We are so glad that you took the initiative to reach out. We understand that it takes a lot of courage to talk to tell someone what you told us. We understand what you are saying.
There are a few issues that are going on in your life that sound really overwhelming to you. When life gets this way it is normal to want to just stop and give up. However, we can't just jump ship. Everything that is going on is workable and there are options to help you work through them. Suicide is a permanent decision and very serious. What you are feeling is serious and we want to offer our support. We want to make sure that you are safe and can make a promise that you won't do anything to end your life or harm yourself? Will you write us back or call to let us know?
Cutting doesn't help. It adds more issues because now you are trying to hide it. Instead of cutting to cope, try putting a rubber band around your wrist and snapping it when you feel the urge to cut. It may leave a mark but it is a safer alternative. Cutting isn't a coping skill. It is an addiction. Journaling, talking to your school counselor, parent or other trusted adult is coping. Think about who you can open up to. They can help you work through each issue one at a time. You deserve to be listened to. Everybody does.
If school has been more difficult than usual, what do you think changed it? Did something happen at home or school to affect your studies? Is this something that you think you may need to talk with the doctor about?

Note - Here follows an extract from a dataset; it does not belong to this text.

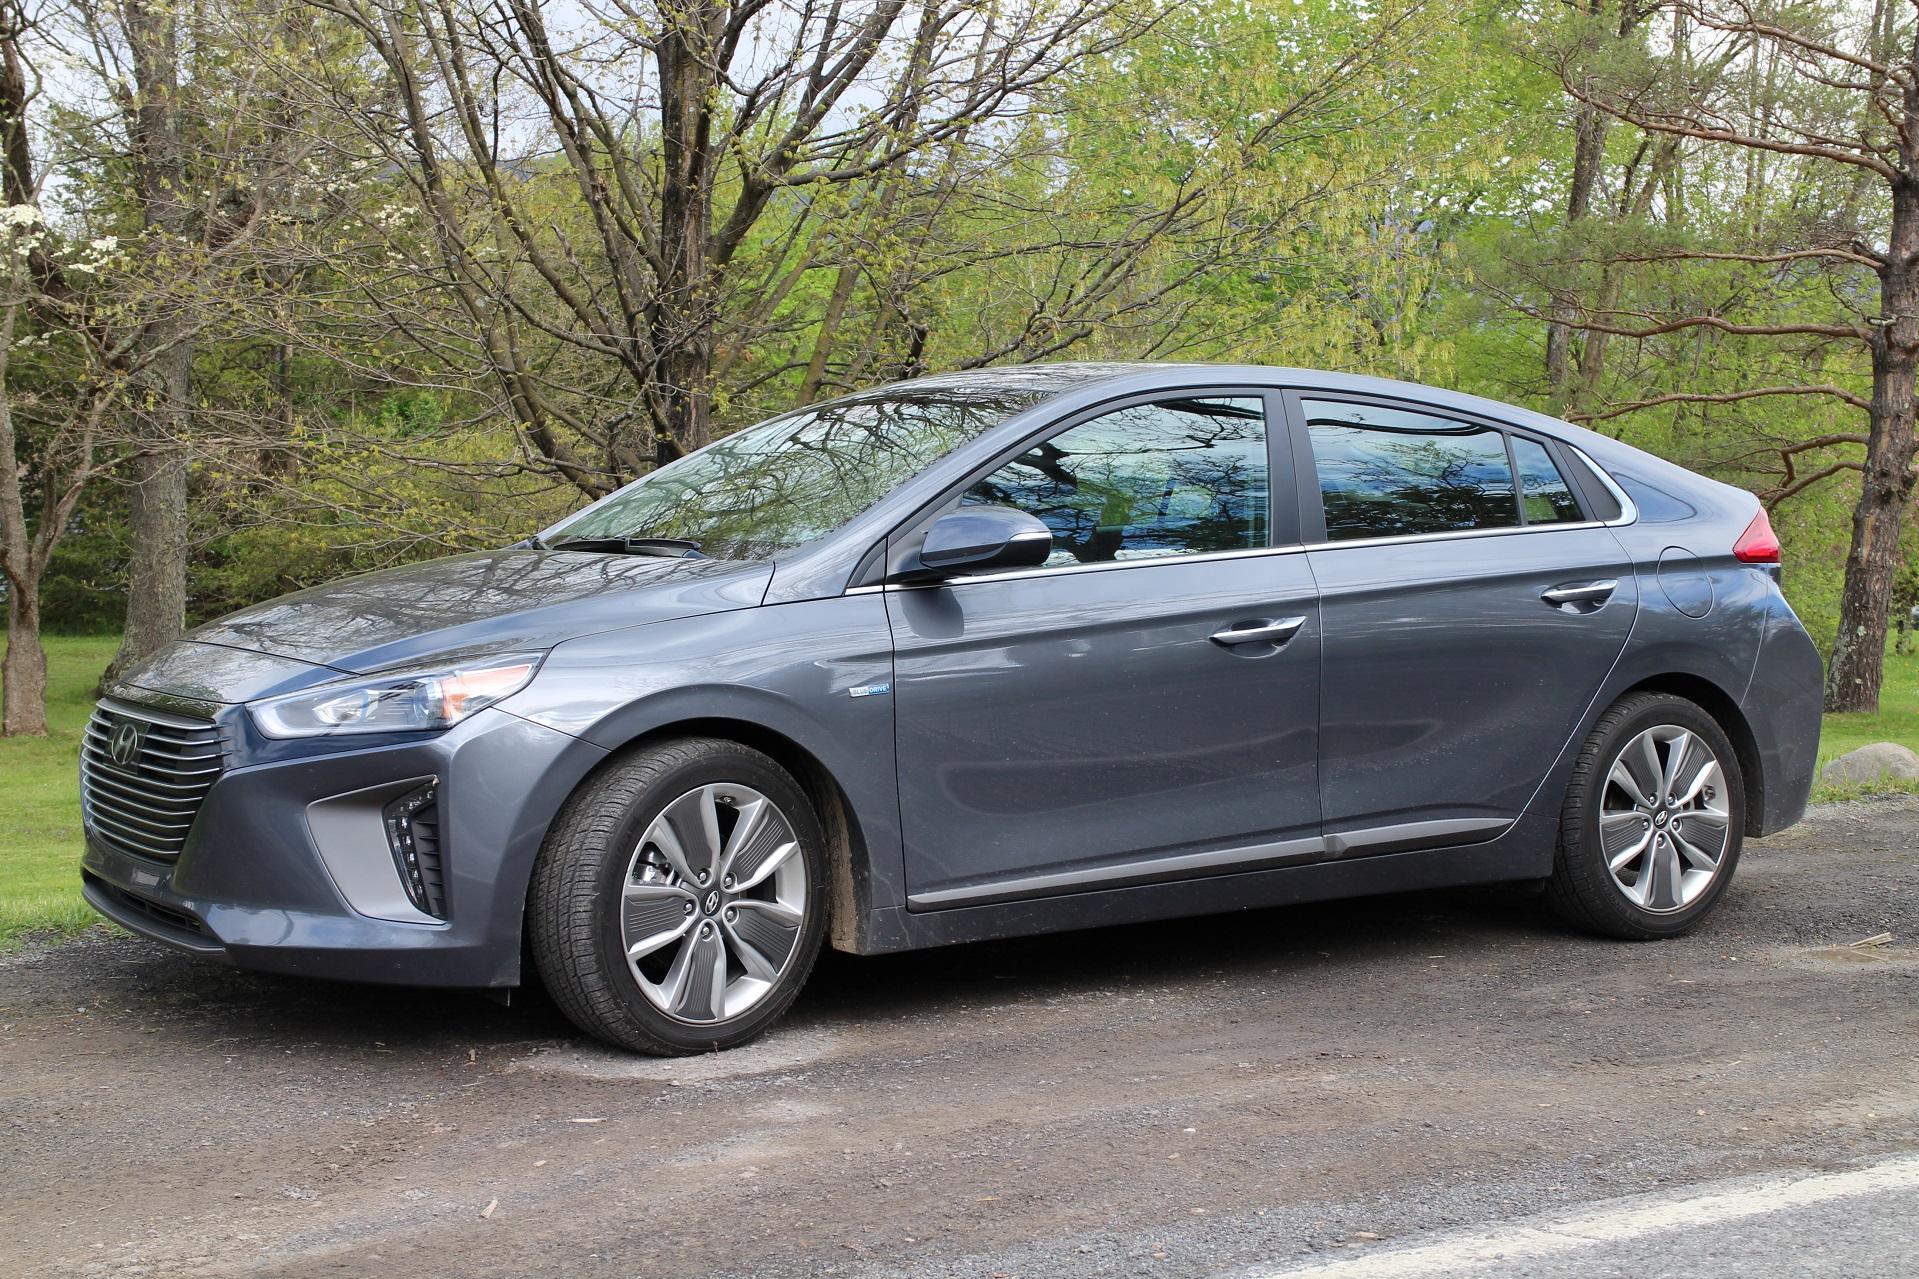 2017 Hyundai Ioniq Hybrid Gas Mileage Review

Sometimes kids will lose their concentration very easily and have nervous habits of blurting things out and cause other distractions. Is this what is happening? It can annoy people when you have this kind of behavior and disrupt others but talking with your school nurse or family doctor may help you understand what is going on. It is worth checking out. Can you talk with mom about seeing the doctor?
Almost every kid your age is concerned about "fitting in". It is almost a right of passage. It has been happening for years. You most likely fit in more than you feel. Everybody has a spot in life. What kind of things are you interested in? Do you have a group of friends that you hang out with? What kind of things do you do on your free time? Being yourself and being a person with good morals and values will mean more than anything. If having more control over what you do and say means fitting in better for you, then work on it. Before you walk into a situation, stop and think about what would be the best way to approach people. Work on social skills. Not interrupting, waiting to speak, minding your own business and just being kind, using calm voice tones and levels.

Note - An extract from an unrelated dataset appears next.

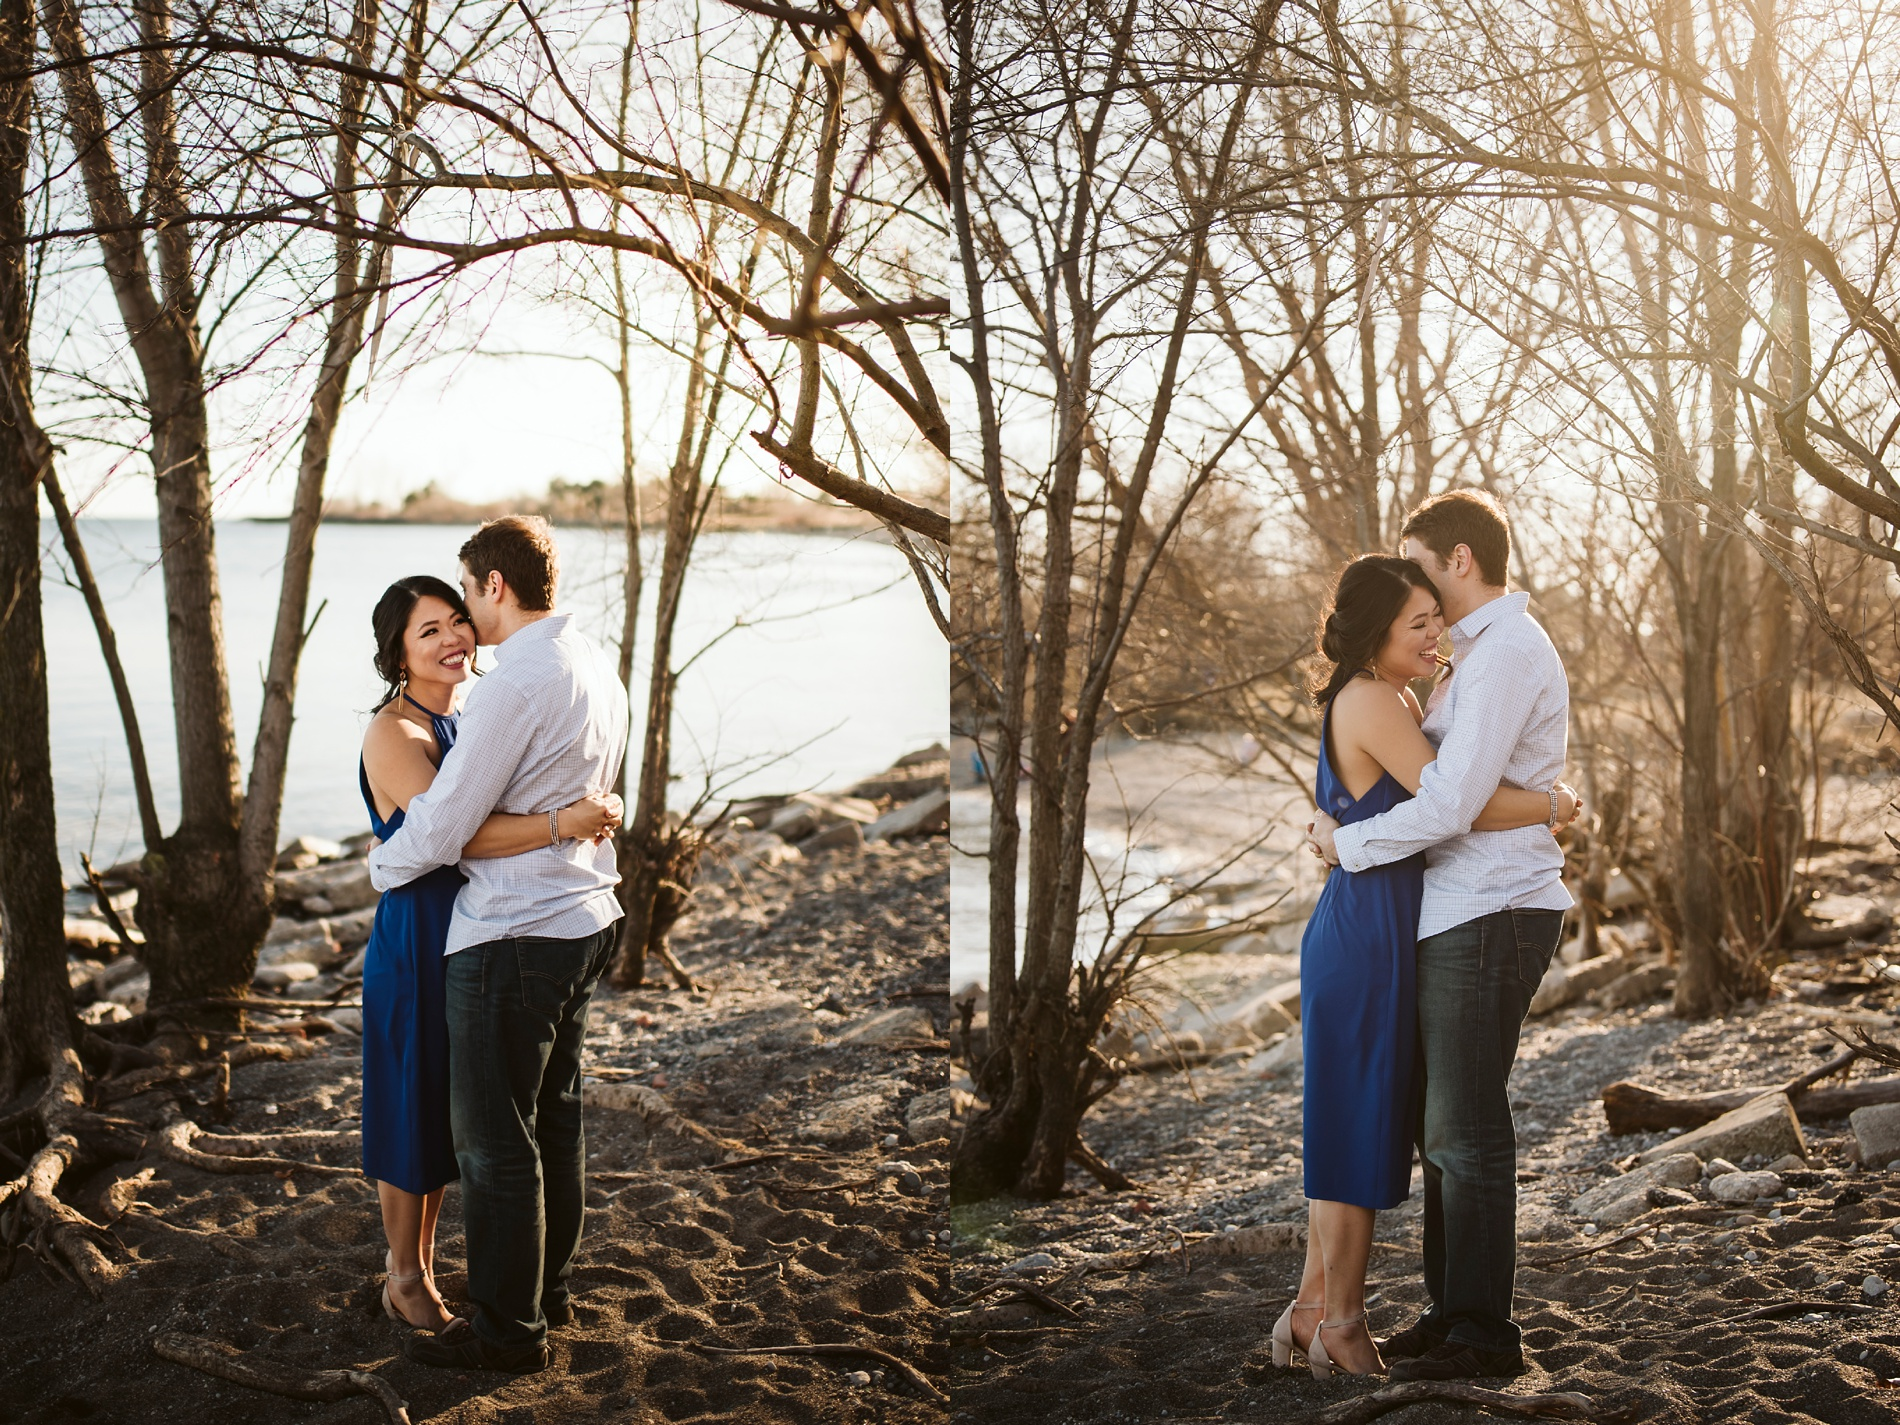 Wedding_photographer_best_toronto_engagement_shoot02.jpg

It also sounds like you could use some self talk. When you are feeling down about yourself, it is time to kick in some self motivation. Keep telling yourself that you are a good person and give yourself one or two of your best qualities. Build that up. You said it yourself, you know you are not ugly and stupid. Sometimes we all feel that way about ourselves but we can overcome those feelings by reminding ourselves that we are worth it and are smart and good looking. Journaling is a great way to get some of those negative thoughts on paper and come up with a positive for every negative. You can always go back and read it when you are feeling bad.

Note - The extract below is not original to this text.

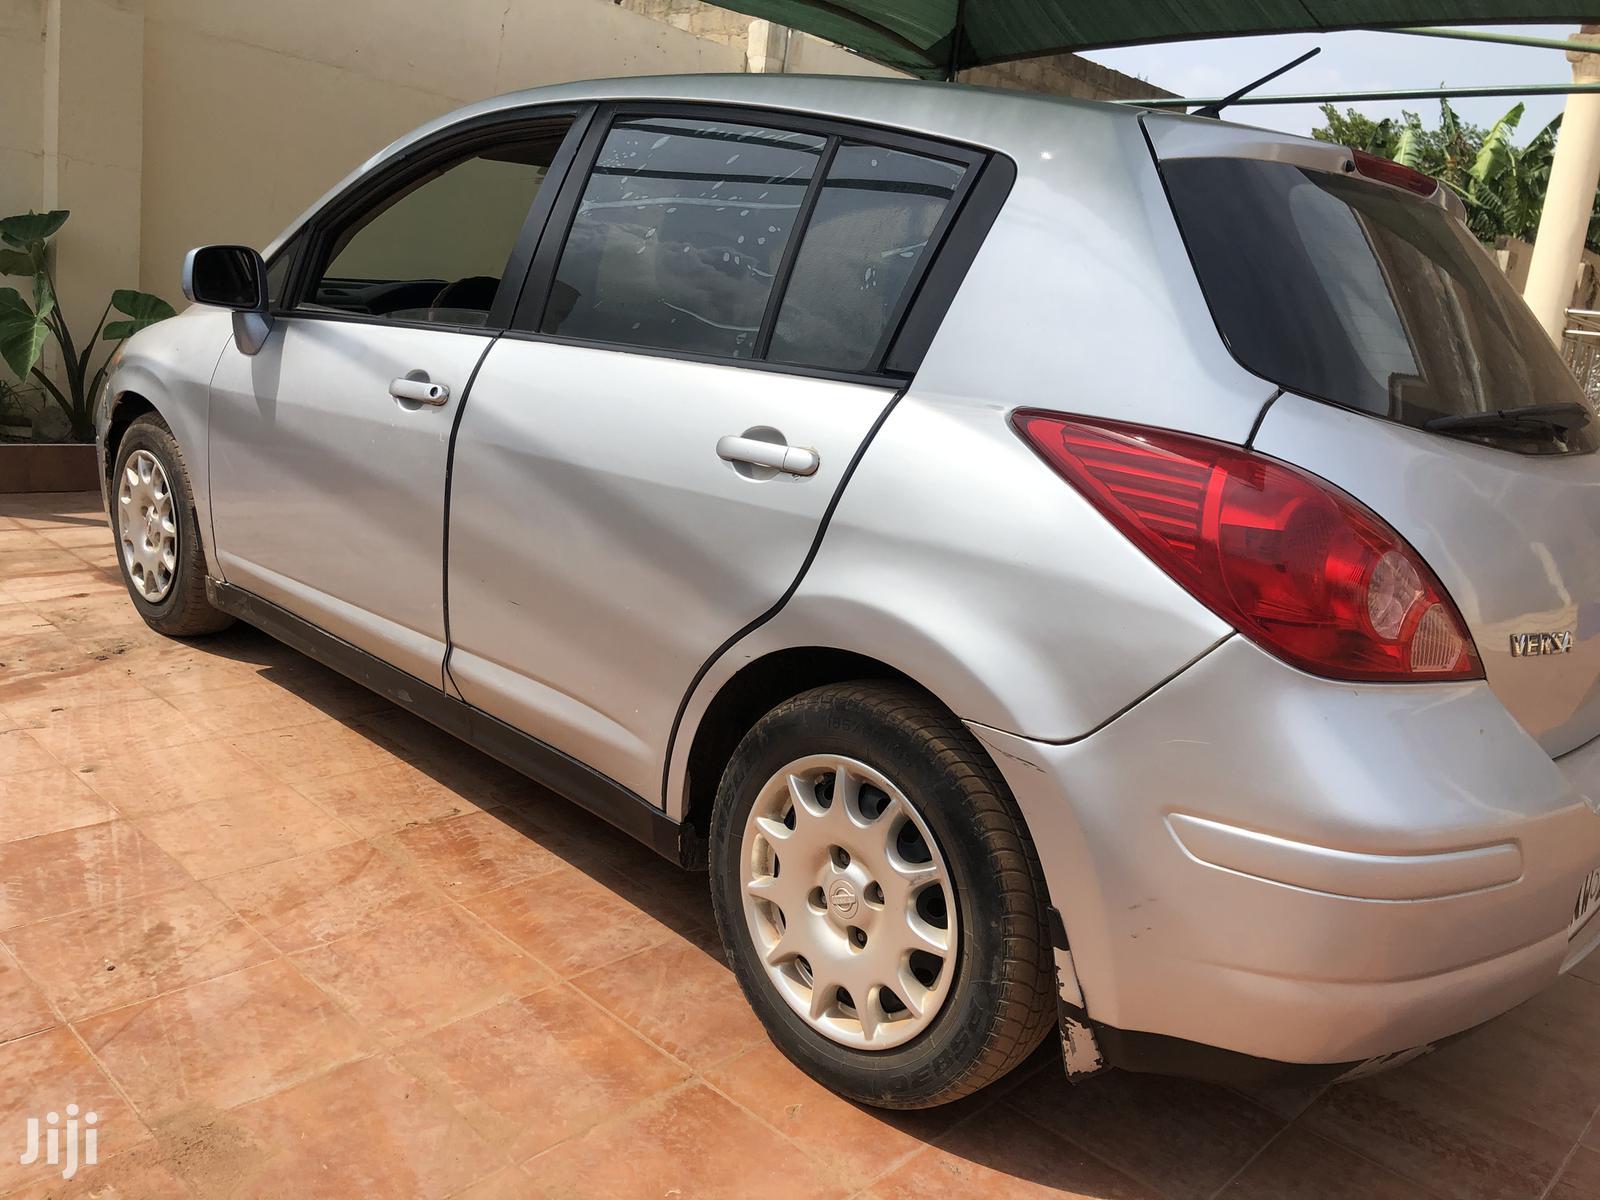 Archive Nissan Versa 2009 Hatchback 1 8 S Silver In Achimota Cars Nana Sarpong Jiji Com Gh

If taking away all of your devices isn't working for you, let mom know. Maybe getting a tutor will help. Talk with your teacher about this. Teachers are not there to be the bad guys but rather, it is their job to see that you succeed. They will help you if you ask. See if there is extra credit or some thing to help bring up those grades. Showing interest in this will help your teacher and mom know that you DO want to do well. Don't give up on it. It will get better. It may take some time and hard work but keep pushing through. The reward of seeing A's and B's will be gratifying for you personally. It certainly will help you feel better about yourself as well. Big self esteem booster.
We are here 24/7 and hope that you will reach out again. We want to make sure that you are safe. Please write back. Call or email anytime.